Input data →
____

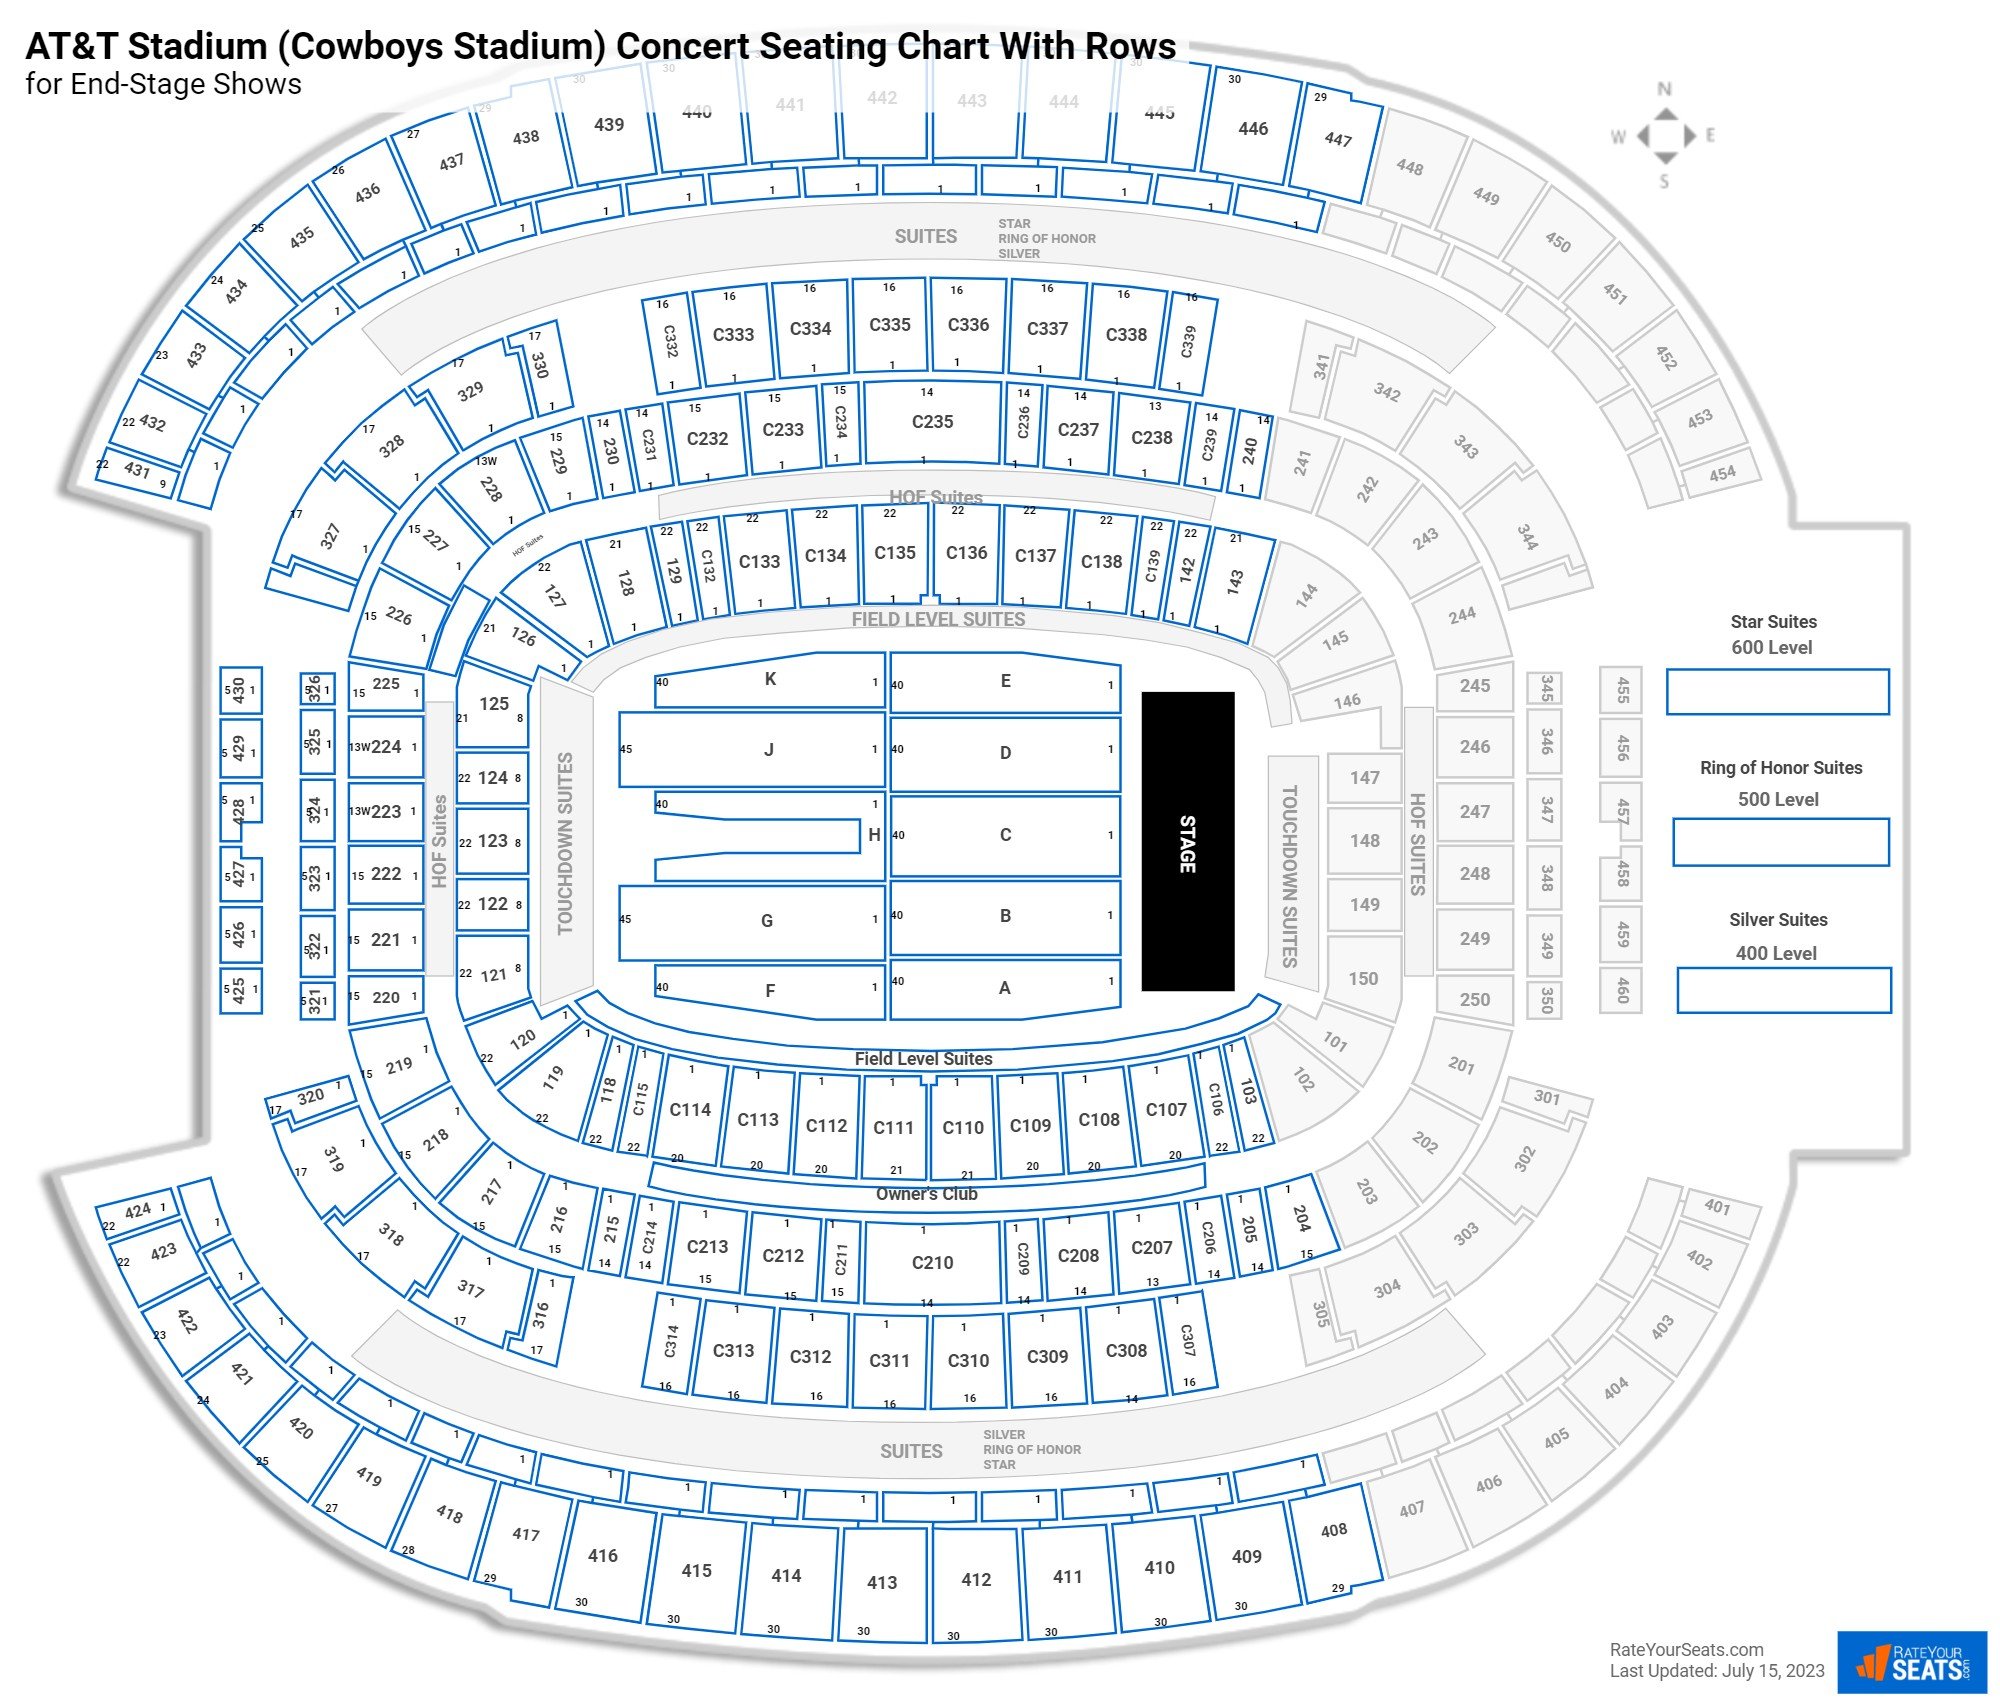 AT&T Stadium Seating Charts for Concerts - RateYourSeats.com
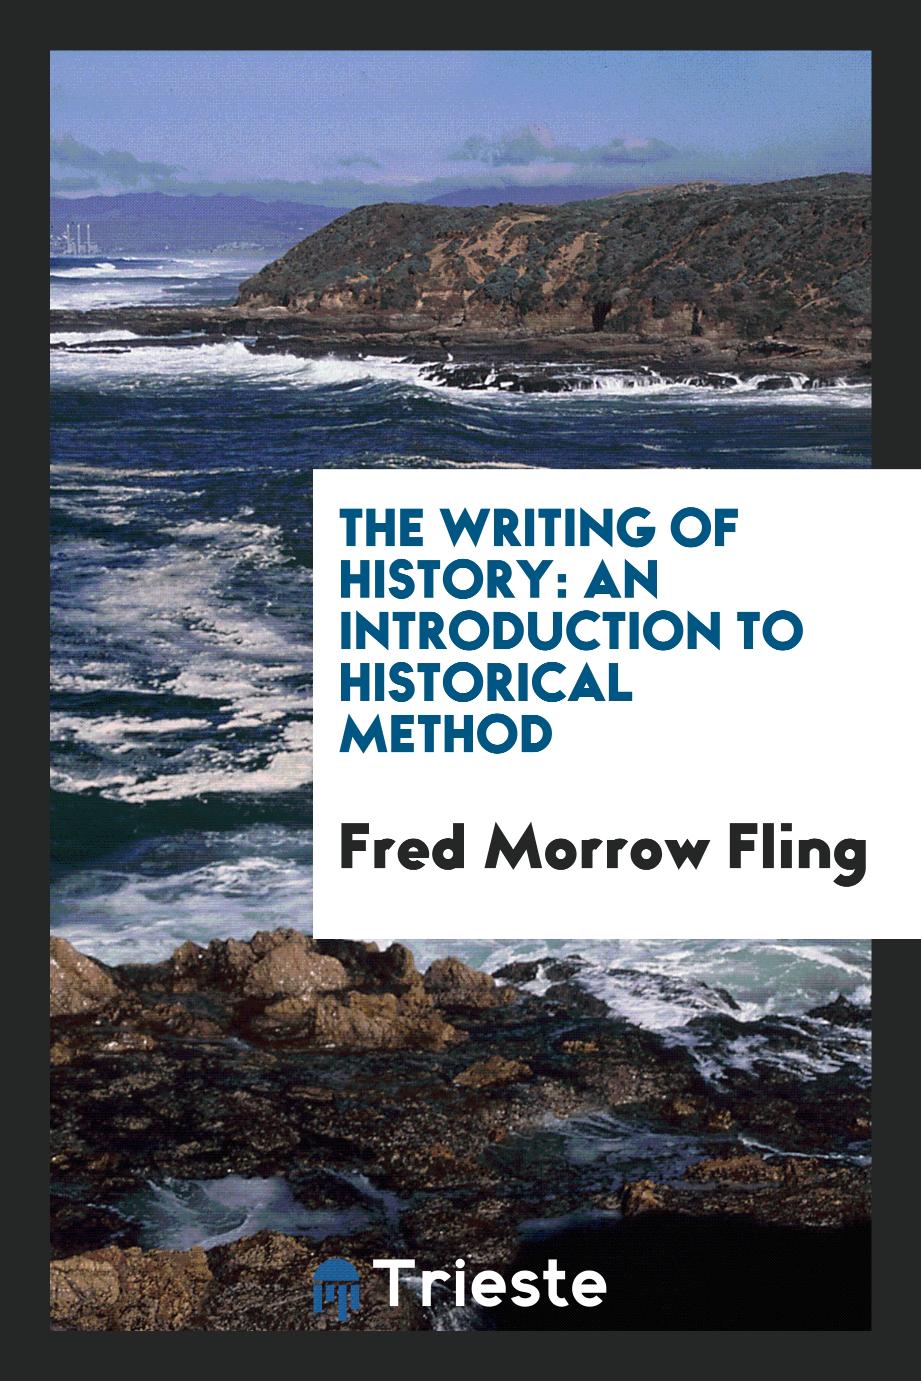 Fred Morrow Fling - The writing of history: an introduction to historical method
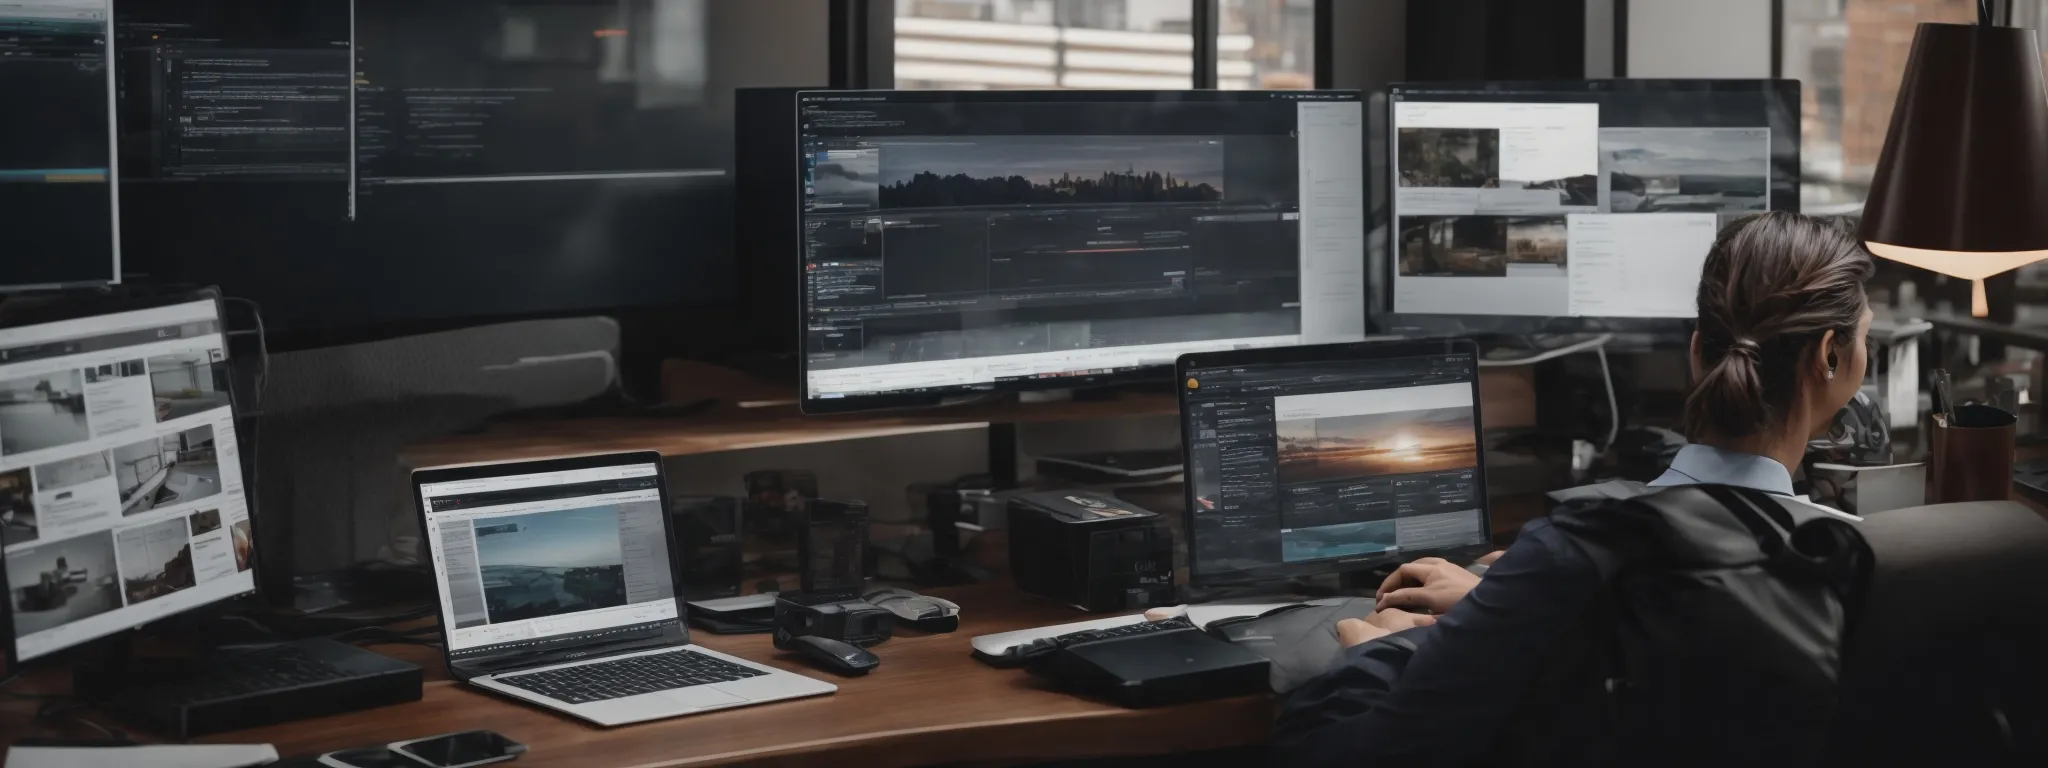 a marketer casually skimming through the latest seo news on a clutter-free, modern desk setup with dual monitors displaying analytics and a search engine results page.

____

Every line of the data above should be repeated exactly. Omit the pictures.

Response to the exercise →
 AT&T Stadium Seating Charts for Concerts - RateYourSeats.com
 Fred Morrow Fling - The writing of history: an introduction to historical method
 a marketer casually skimming through the latest seo news on a clutter-free, modern desk setup with dual monitors displaying analytics and a search engine results page.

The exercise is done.